__Problem to work on__
In the records below, how many lines hold the word "Área"? Give only the number.

(Items from a data source)
======

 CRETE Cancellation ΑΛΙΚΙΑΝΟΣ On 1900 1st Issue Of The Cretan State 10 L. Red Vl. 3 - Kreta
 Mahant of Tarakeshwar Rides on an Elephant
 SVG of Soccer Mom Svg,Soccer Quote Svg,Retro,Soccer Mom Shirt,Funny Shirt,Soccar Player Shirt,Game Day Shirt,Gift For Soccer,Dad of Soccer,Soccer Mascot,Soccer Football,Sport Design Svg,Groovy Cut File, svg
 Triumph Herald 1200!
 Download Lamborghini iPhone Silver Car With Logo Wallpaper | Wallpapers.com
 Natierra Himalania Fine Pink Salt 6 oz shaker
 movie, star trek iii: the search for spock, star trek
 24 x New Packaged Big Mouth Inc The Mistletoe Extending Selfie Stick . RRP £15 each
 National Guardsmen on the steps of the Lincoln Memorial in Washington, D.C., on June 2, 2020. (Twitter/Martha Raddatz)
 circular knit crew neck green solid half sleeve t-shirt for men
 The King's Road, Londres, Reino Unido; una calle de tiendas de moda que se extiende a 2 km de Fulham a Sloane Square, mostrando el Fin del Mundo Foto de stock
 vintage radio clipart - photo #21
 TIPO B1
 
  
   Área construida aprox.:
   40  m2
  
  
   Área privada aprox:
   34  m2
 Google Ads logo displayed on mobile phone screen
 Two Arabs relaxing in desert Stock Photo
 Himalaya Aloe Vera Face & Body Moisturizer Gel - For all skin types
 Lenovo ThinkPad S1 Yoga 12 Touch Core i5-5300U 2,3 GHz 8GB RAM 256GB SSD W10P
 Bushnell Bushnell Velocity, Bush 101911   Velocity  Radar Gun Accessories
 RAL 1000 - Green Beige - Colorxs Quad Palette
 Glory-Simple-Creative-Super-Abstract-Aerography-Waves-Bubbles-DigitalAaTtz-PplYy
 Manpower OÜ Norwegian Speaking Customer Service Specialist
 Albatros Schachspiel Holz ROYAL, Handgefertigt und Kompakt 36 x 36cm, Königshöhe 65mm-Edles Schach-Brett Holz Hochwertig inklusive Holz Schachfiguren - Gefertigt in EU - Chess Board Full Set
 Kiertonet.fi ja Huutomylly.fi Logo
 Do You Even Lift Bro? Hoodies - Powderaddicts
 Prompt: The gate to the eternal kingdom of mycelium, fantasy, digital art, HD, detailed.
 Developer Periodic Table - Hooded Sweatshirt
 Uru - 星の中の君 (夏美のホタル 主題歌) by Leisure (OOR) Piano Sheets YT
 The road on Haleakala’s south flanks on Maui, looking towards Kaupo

======

__Response box__
2